I came across this site that is bringing this concept to life, although not for fantasy baseball.  fantisserie.com looks like a game that lets you put your fantasy shit-talking to the test in a weekly competition for cash prizes.  The entry free is pretty nominal, about the cost of most iPhone and Android apps or a drunk impulse purchase of a Slim Jim from the local deli at 4:30AM, and they are offering a pretty large cash prize to anyone that can hit perfection for a week.

fantisserie

Not a bad trade-off, much like indigestion for the tasty deliciousness of previously mentioned 4:30AM Slim Jim.  Gotta have beef, gotta have spice, need a little excitement.  SNAP INTO A SLIM JIM.

How Bad is my Fantasy Baseball Team?

By Rathan Haran, May 3, 2010 8:54 pm

I’m sitting in 9th place, 67 whopping points behind the league leader after the first month of the baseball season.  That’s pretty awful.  The question is, do I have any hope?  I decided to take a statistical approach to see if I should jump ship on my team, or try to hold through this miserable start.

The first thing I looked at was the historical monthly averages and standard deviations of the players on my team.  When I did this, I got a pretty ugly picture for April, but some hope for the future.

The green represents the categories where my players are performing better than their historical averages, while the red …. well, you know.  A lot of red on this chart … a lot.  Should I be selling low right now?

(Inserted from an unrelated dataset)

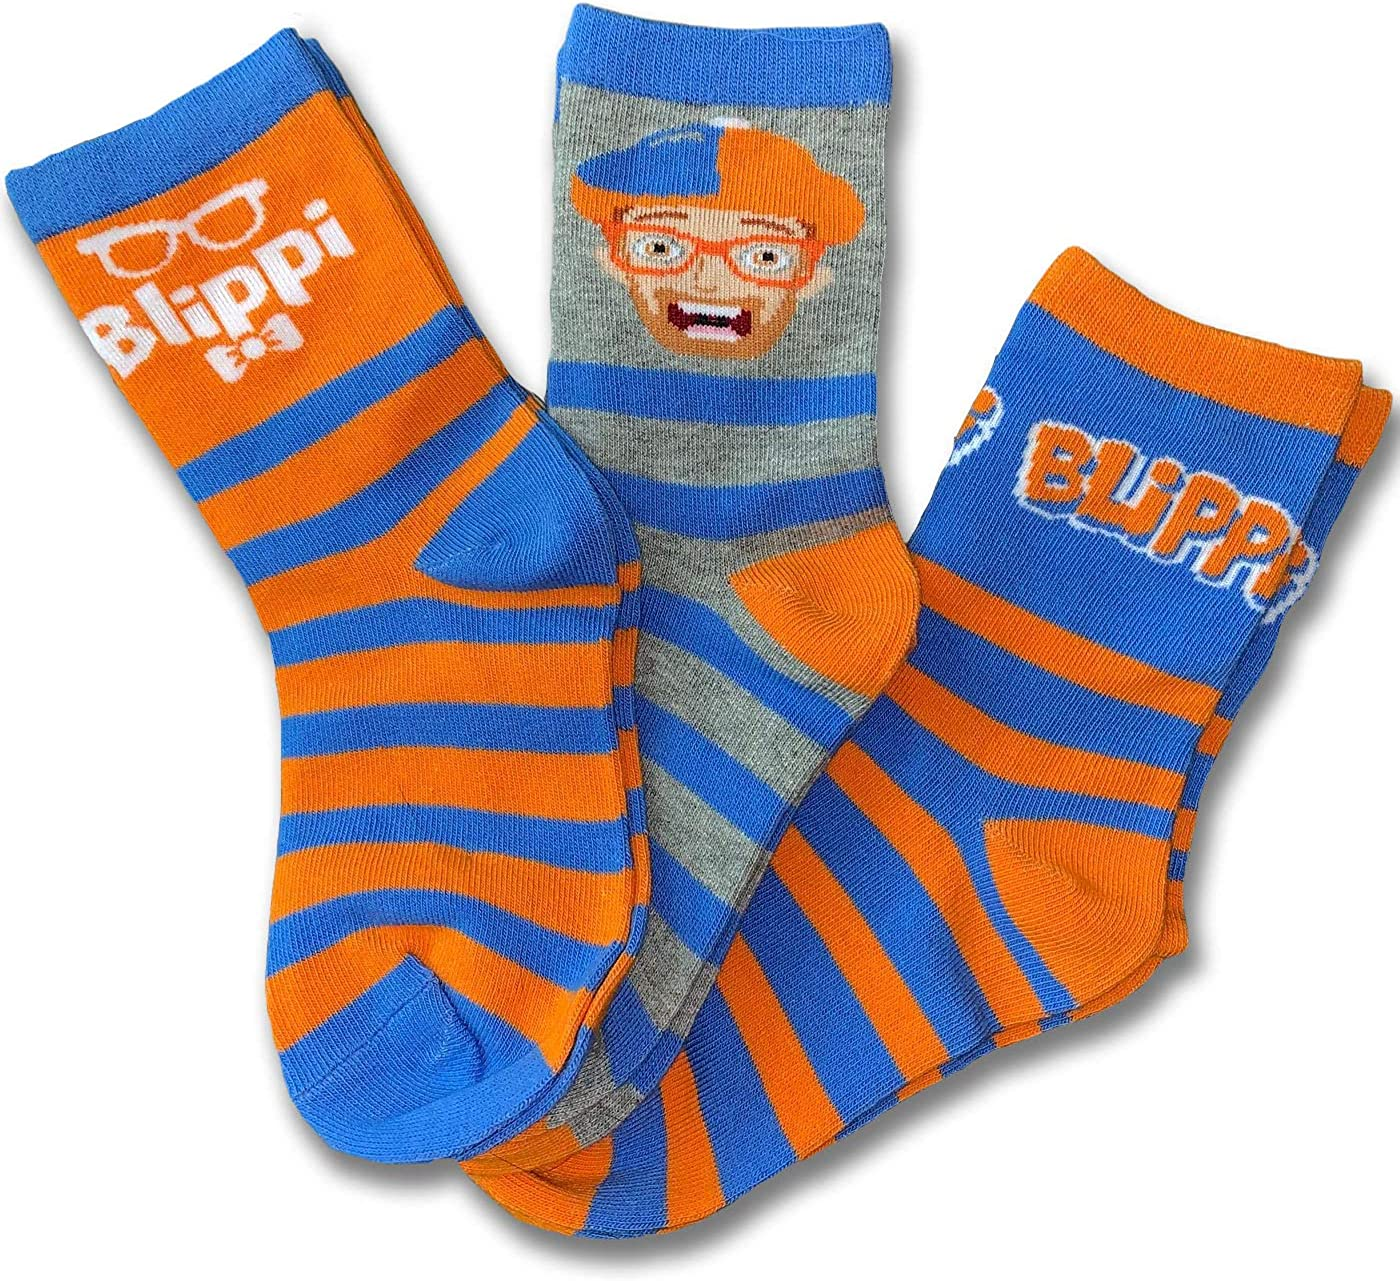 Amazon.com: Blippi Childrens Socks

The data is telling us that April 2010 was a uncharacteristically bad for my team when compared to typical months in their career.  If statistics hold, I should expect a reasonable bounce back for nearly all my players for the rest of the year.  I should hold out for a little bit longer before making any significant panic moves, but I will certainly be looking for improvements across the board.  I’ll be keeping a close eye on riskier players like Ichiro (age) and Hamilton (injuries), and they will be the guys I’d look to move for a younger/healthier equal poor starting ’star.’

What have I done so far?  I’ve moved Molina for the ‘no timeshare’ Miguel Olivio in Colorado, and I’ve gotten Lance Berkman back to take the spot of Curtis Granderson (who actually wasn’t that much of a drag on my team since I only play him against right-handers, check the splits for his career).   If Rich Harden can put it together, Grienke get’s some offensive help, and Dave Duncan has really fixed Brad Penny, I might have a fighting shot.

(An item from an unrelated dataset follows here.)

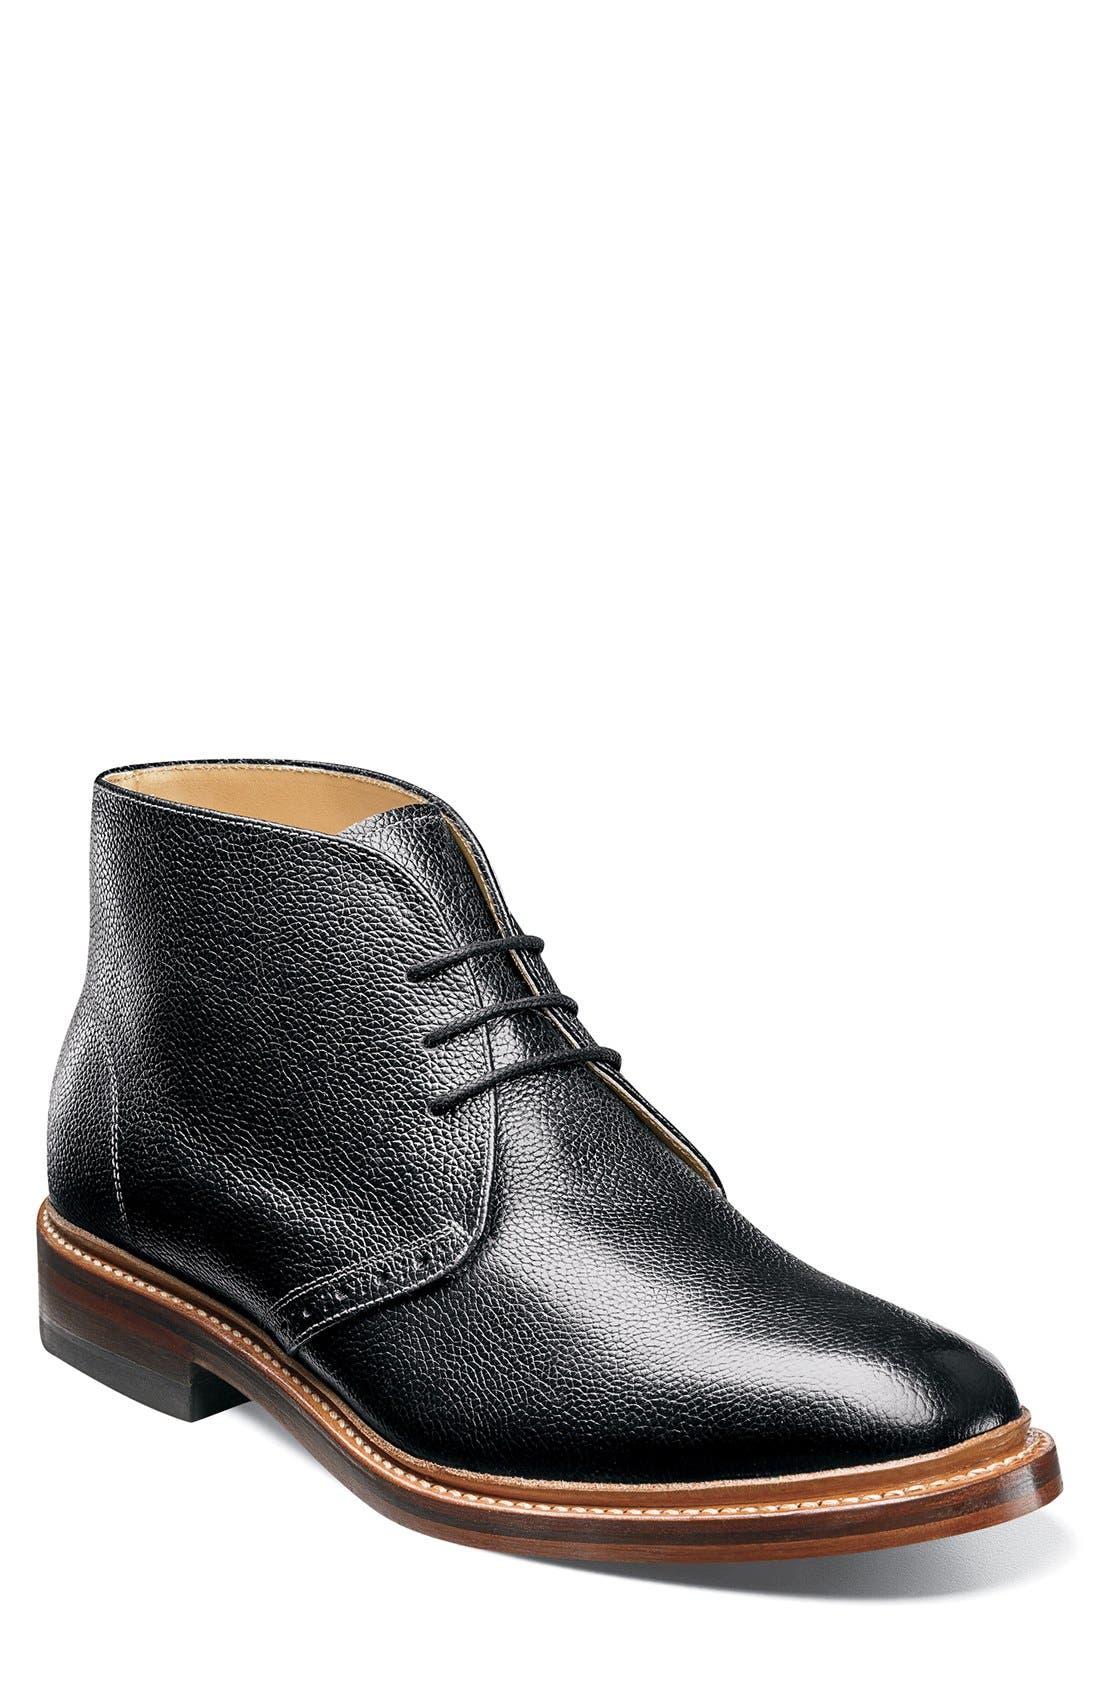 'Madison II' Chukka Boot,                         Main,                         color, 001

Your turn.  Who would you target right now in a trade, and who would you move off my team?

Reblog this post [with Zemanta]

Stats in Sociology – Not Boring Version

By Rathan Haran, December 30, 2009 11:23 am

Hans Rosling shows you how to to make stats cool again.  Visualization of data is a great learning tool, and creating ways to do this will be of great value to those with less mathematical sophistication than others.

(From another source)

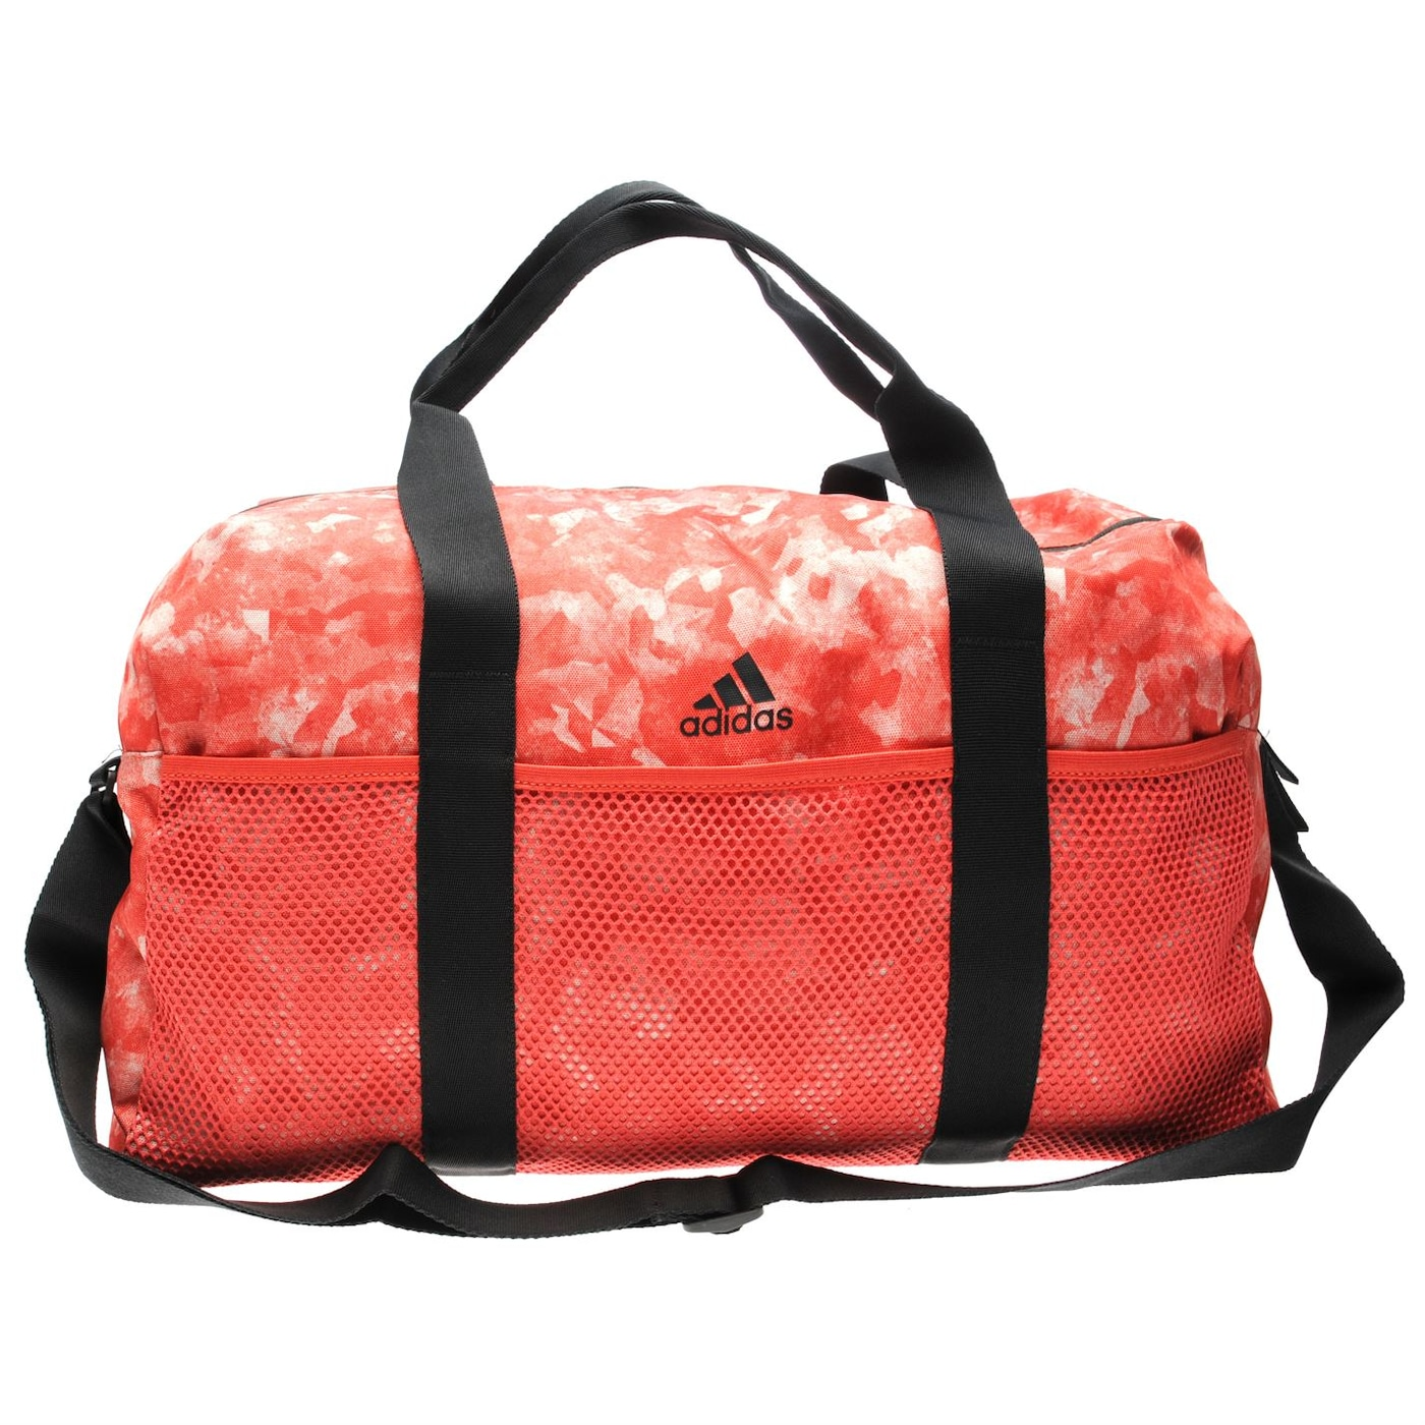 c87ce450c Adidas shoulder bag m66960 levně   Blesk zboží

The insights that Hans Rosling was able to illustrate in this presentation were pretty amazing as well, and definitely surprising to see how much the world has leveled in the past 40 years.  Check it out:

Bill Belichick + Statistics = Usually Good Outcomes

By Rathan Haran, November 16, 2009 3:48 pm

I’ve been a die hard Giants fan for as long as I can remember, and although I was technically alive and barely remember parts of the 86 season (and nothing from that Super Bowl), the 90 Super Bowl team made me love the G-Men .  They had me at Mark Ingram’s 3rd and 13 conversion.

Bill Belichick was the Giants’ defensive coordinator in that Super Bowl and designed a genius defensive game plan, predicated on the statistics of his defensive unit.  Knowing that Jim Kelly and the Buffalo Bills could rip apart the Giants’ secondary, he had his defensive linemen and linebackers give up yards on 1st and 2nd down.  He believed that this would dictate that Buffalo would run the ball, rather than pass in longer 3rd down situations, a place where the Giants were statistically strong in all season.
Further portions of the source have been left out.